Who is going to pay for Callan Park in the future?
You will have read or heard about the wrangle over who is going to pay for Callan Park in the future.
After a generation of neglect, it’s a bit rich to expect Leichhardt Council to pick up the bill for devastated heritage buildings, collapsing infrastructure and the whole cost of the master planning for the entire site. Not to mention the clean-up of any serious contamination on the site. As the Mayor, Councillor Jamie Parker, has pointed out, the state government cannot expect to dump these costs on the residents of Leichhardt Municipality.
Ideally, Callan Park would have a Trust to manage it just like very other major park in Sydney. Failing that, the state government must pay for the site to be handed over in good order and help with its upkeep.
But there are other dangerous pitfalls in the deal which has been offered to Leichhardt Council. There are two serious dangers in the Agreement.
The first is the shrinking of the area originally offered to Council.
Last October the NSW planning minister Kristina Keneally promised Council 40 of the 61 hectares at Callan Park. Since then, the ambulance service has put in a bid for the most modern mental health buildings on the site and more than 10 acres (or 5 hectares) of additional open space adjacent to these buildings. Apparently they want this area for administration and car parking.

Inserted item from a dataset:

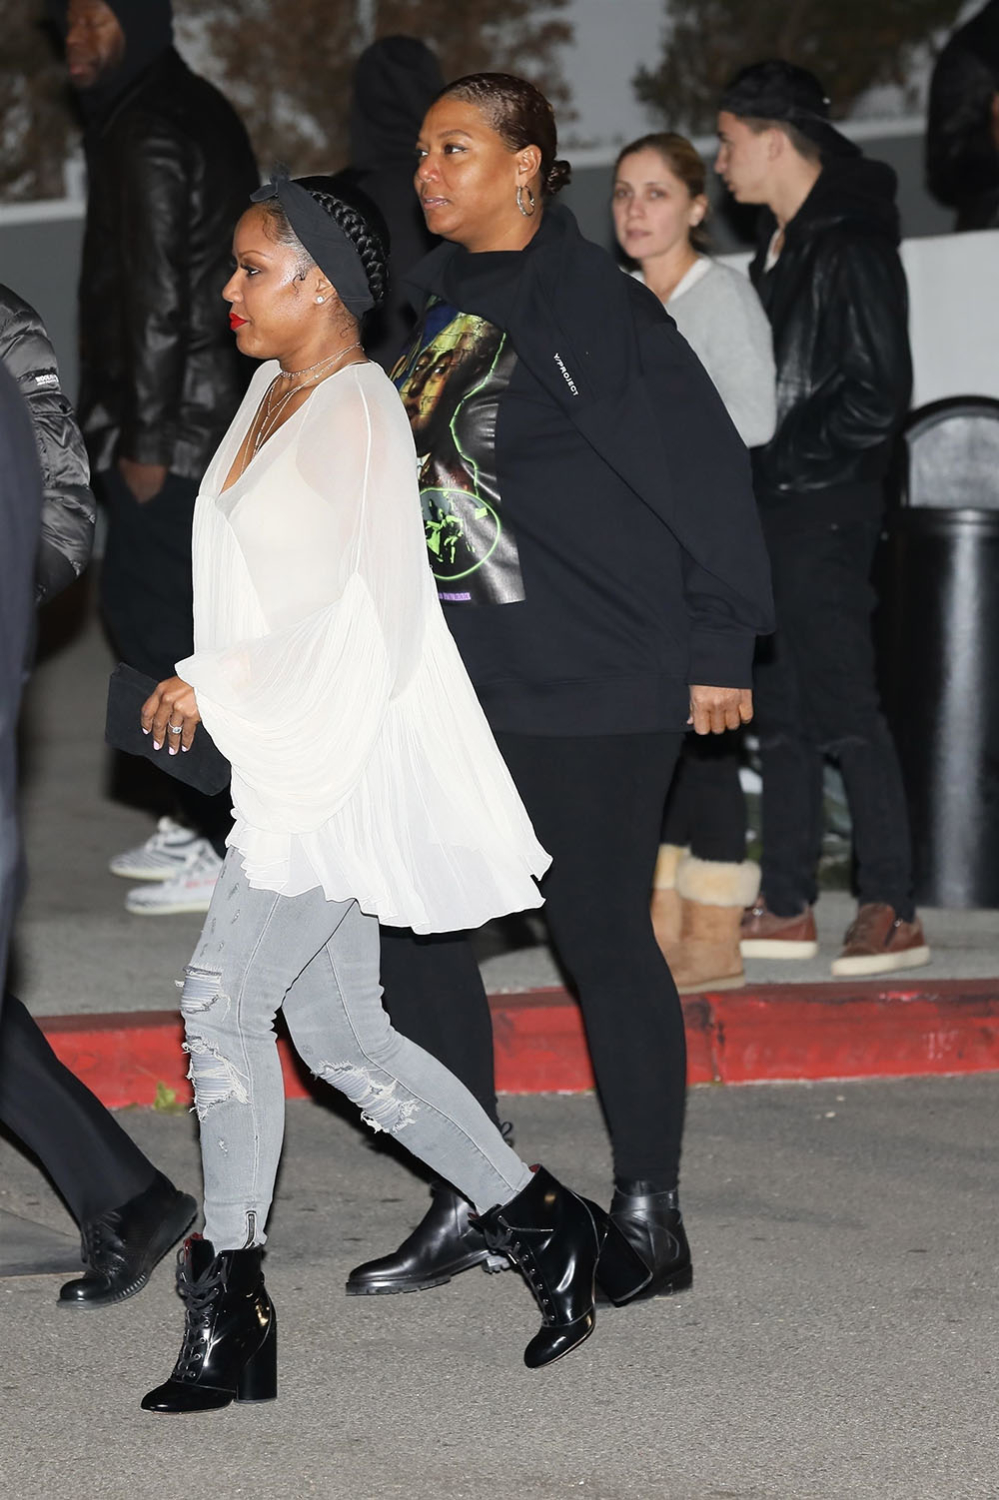 Queen Latifah and girlfriend Eboni attend Jay-Z’s concert at The Forum ...
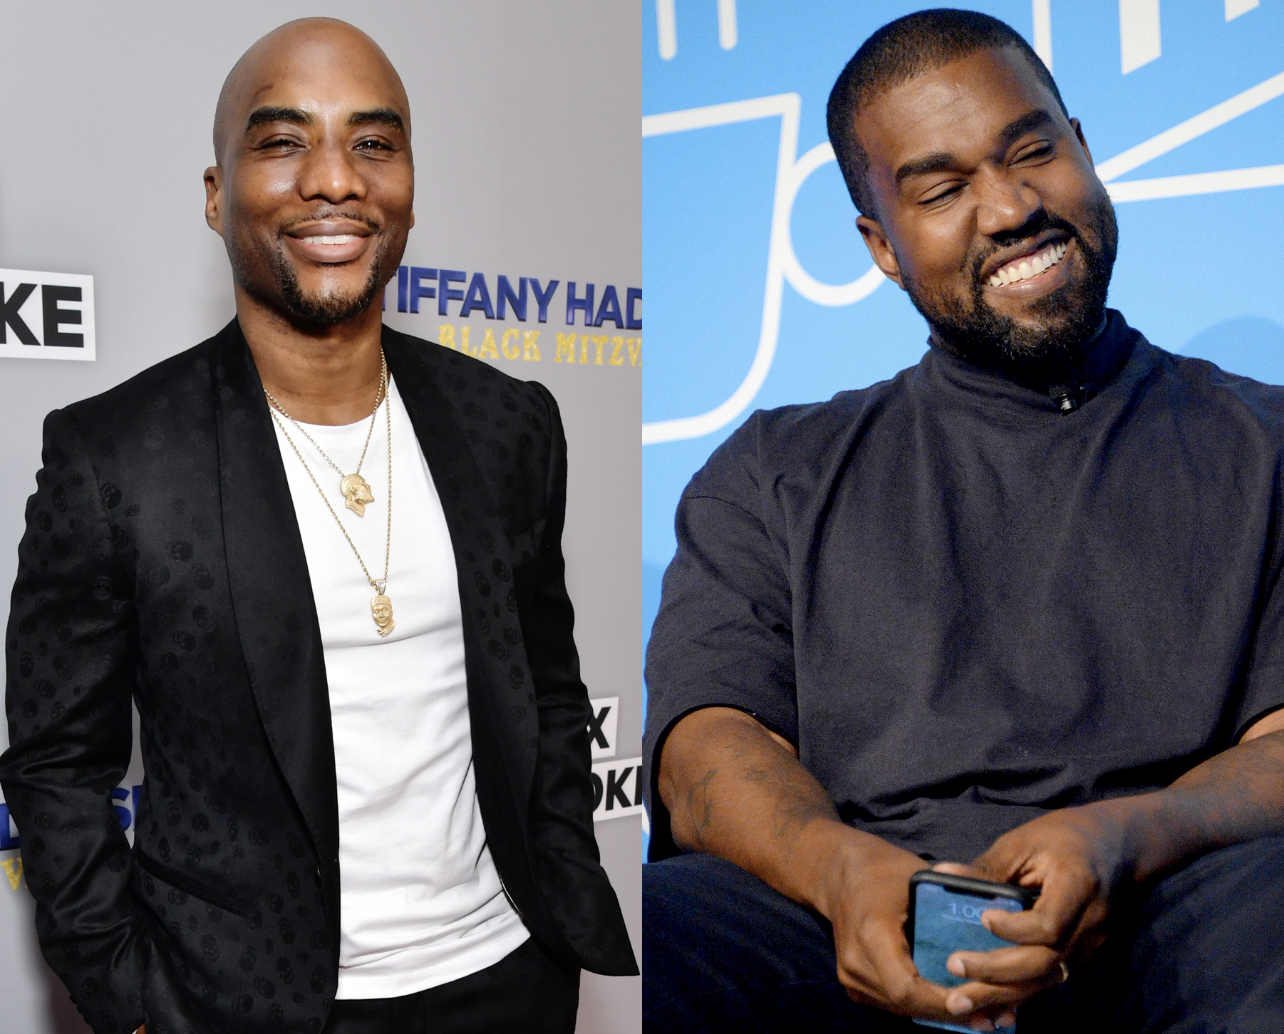 Charlamagne Tells Kanye To “Let The Marriage Go” Following His Recent Jabs At Kim Kardashian & Pete Davidson

The Heads of Agreement apparently asks Council to accept this shrinkage. The ambulance service may have a plausible argument for this takeover, but we haven’t heard it. And it’s hardly likely that their case is better than that of people with a mental illness. The targeted buildings are state-of-the-art cottages and wards built in the 1990s for people who were recovering from the worst of their mental illness and before they went back out into the community.
Everyone, except apparently the NSW government and its bureaucrats, knows that these beds are needed and needed now. Emergency departments are overcrowded with mentally ill patients and there are just not enough beds at Concord, the smaller psychiatric hospital which was supposed to replace Rozelle hospital at Callan Park. The consequences of this shortage are homelessness, imprisonment and premature deaths for hundreds of our fellow citizens.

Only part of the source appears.